NCT number NCT01483040
Other study ID # CD-1130
Secondary ID
Status Completed
Phase N/A
First received November 22, 2011
Last updated November 7, 2012
Start date September 2011
Est. completion date November 2011

Study information

Verified date November 2012
Source PeerMedical Ltd.
Contact n/a
Is FDA regulated No
Health authority Israel: Ministry of Health
Study type Interventional

Clinical Trial Summary

The PeerScope B System™ by PeerMedical Ltd. is intended to provide visualization (via a video monitor) and therapeutic access to the lower intestinal tract. The lower intestinal tract includes, but is not restricted to the organs, tissues and subsystems: large bowel and cecum. The device is introduced rectally, as with any standard colonoscope when indications consistent with the need for the procedure are observed in the adult patient population.

The purpose of this prospective clinical study is to establish the usability of the PeerScope B System™ when used during standard colonoscopy procedure.

The study population is comprised of patients indicated for colonoscopy.

The primary endpoint is reaching the cecum of the colon with PeerScope B System™.Secondary endpoints:

1. The first secondary endpoint is the incidence of complications using the PeerMedical colonoscope.

2. The second secondary endpoint is successful therapeutic interventions as biopsies, polypectomies, APC etc.

3. The third secondary endpoint is the procedure time.

4. The fourth secondary endpoint is the subjective evaluation of the additional view angle by the physician.
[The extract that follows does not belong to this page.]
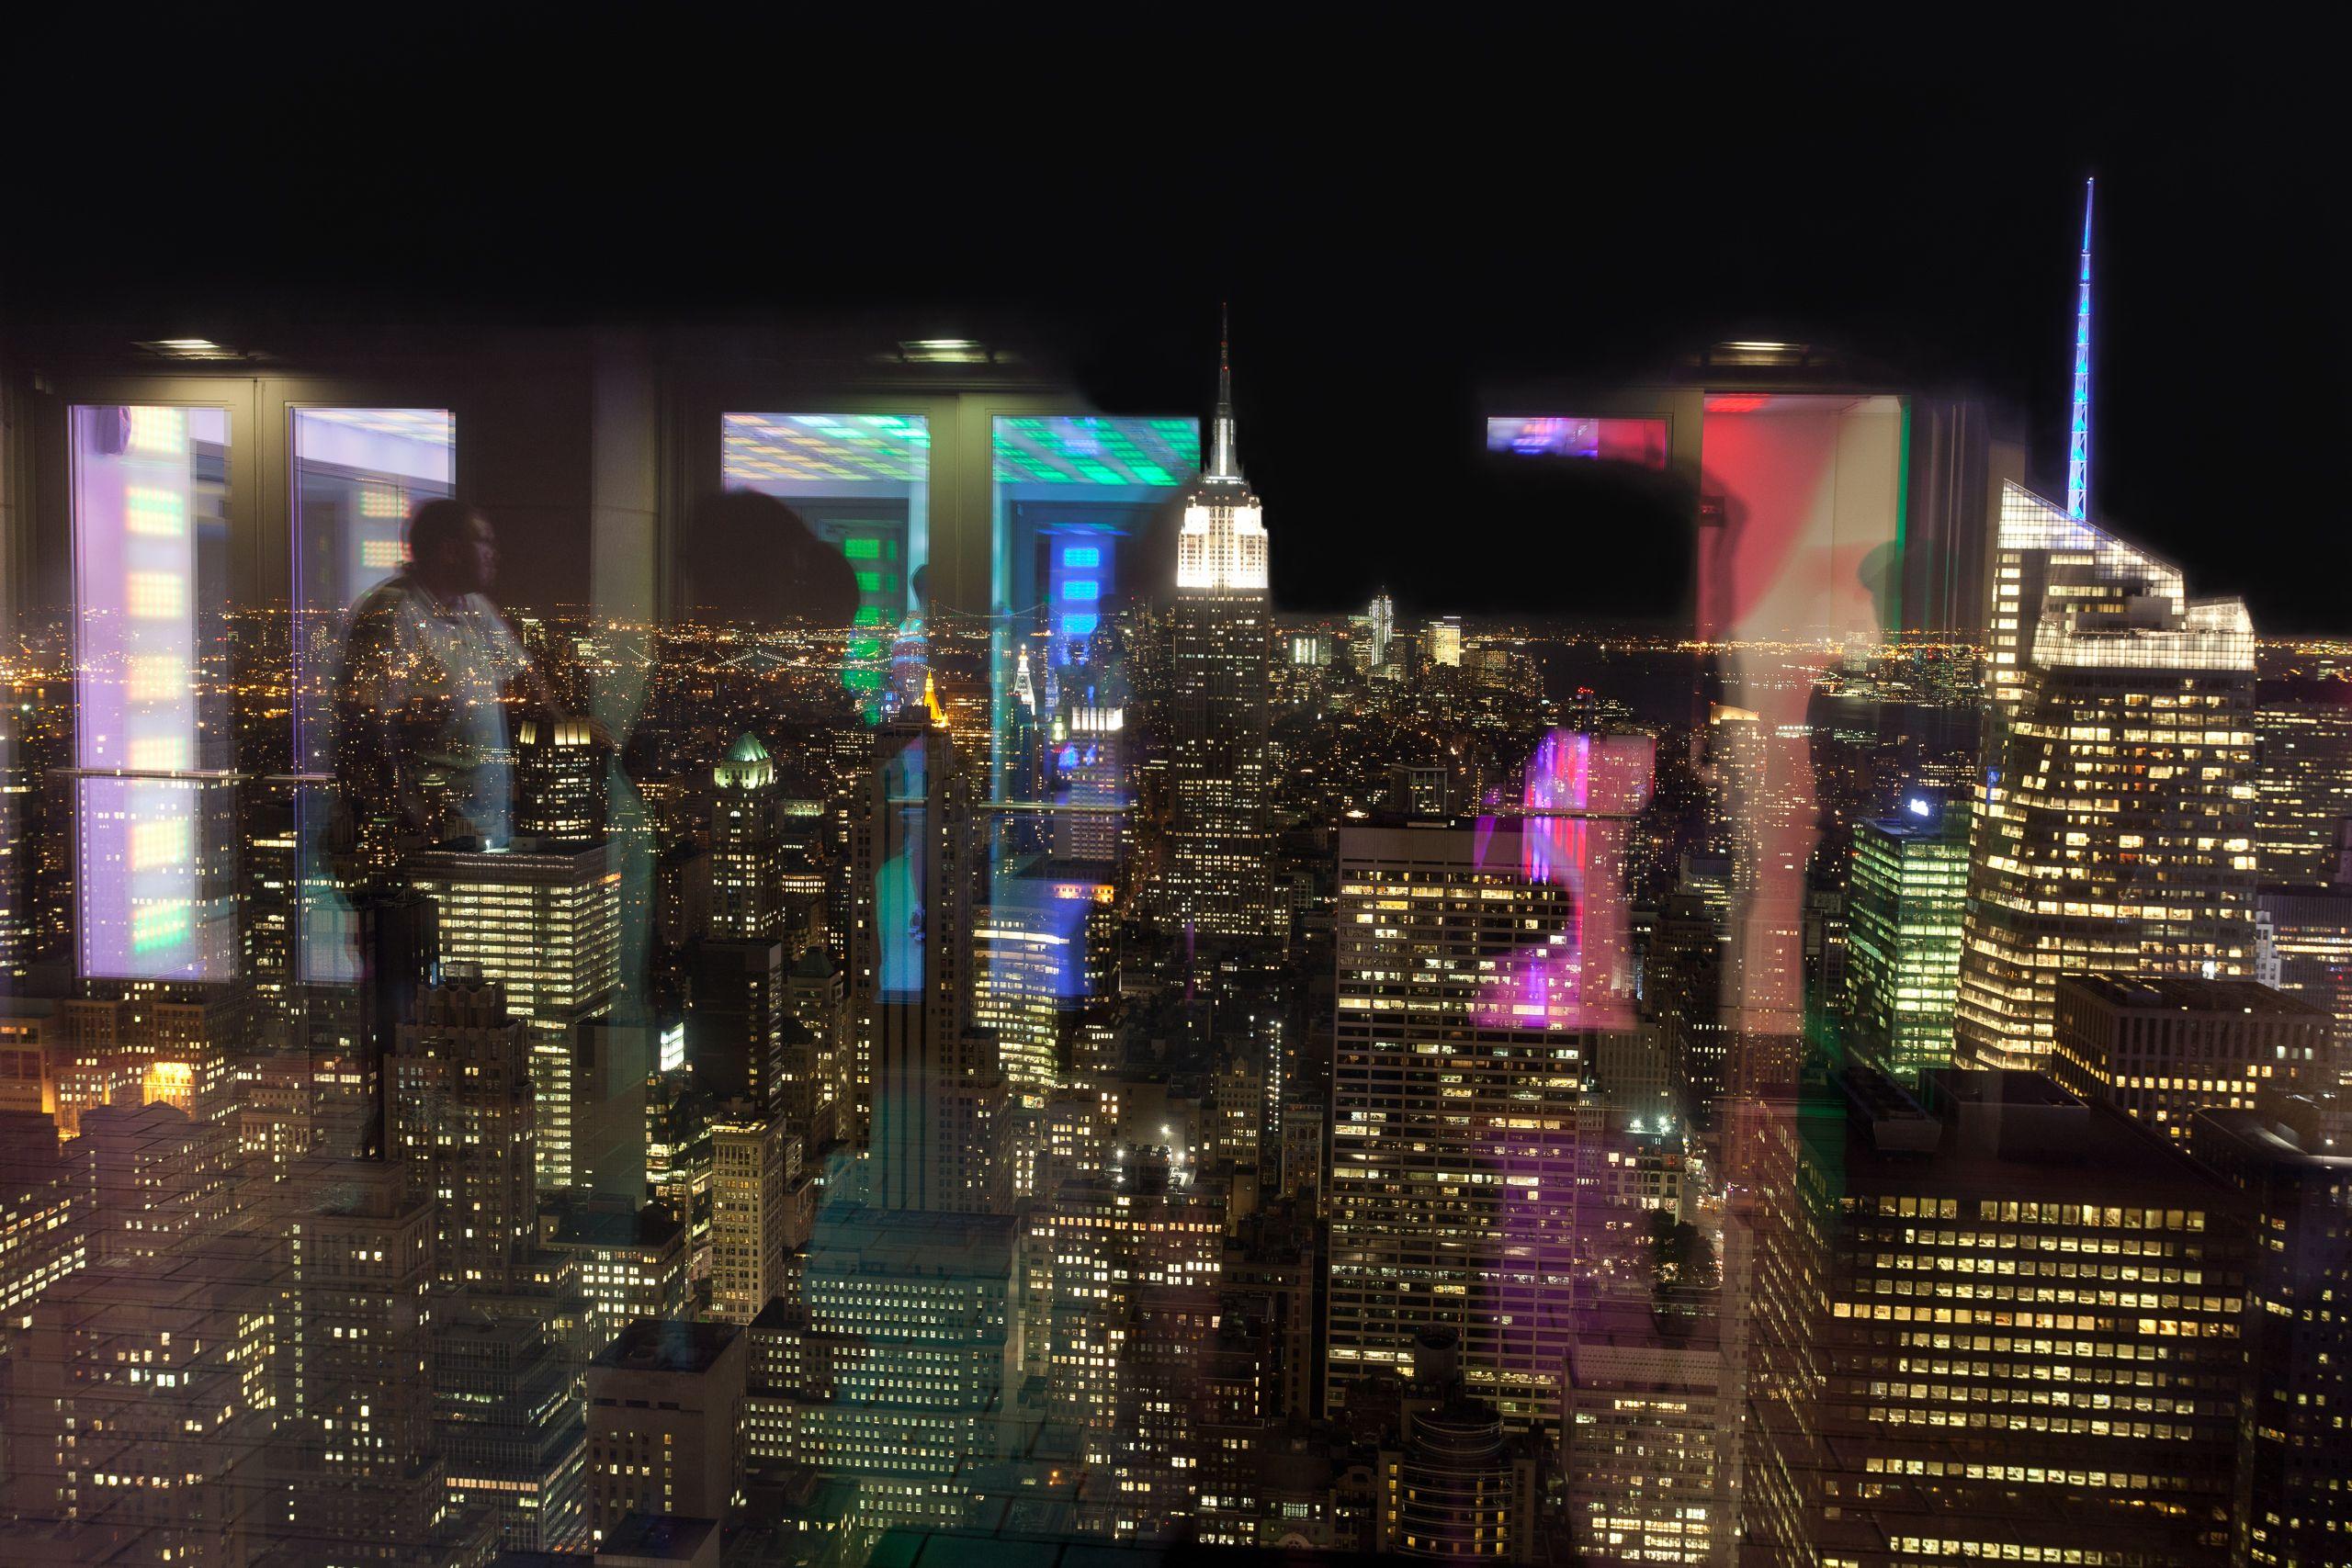 Top of the Rock. Rockefeller Center

5. The fifth secondary endpoint is patient satisfactory.


Description:

Founded in 2009, PeerMedical develops colonoscopes capable of wide view angle at the press of the button. The PeerScope B System™ is an endoscopic platform that enables the physician to get a wide angle view while maintaining all of the features commonly used during Gastrointestinal (GI) procedures with very limited learning curve and in service process. The current standard devices have viewing limitations. By adding this viewing functionality, PeerMedical will potentially empower physicians to improve polyps detection and cancers within the colon.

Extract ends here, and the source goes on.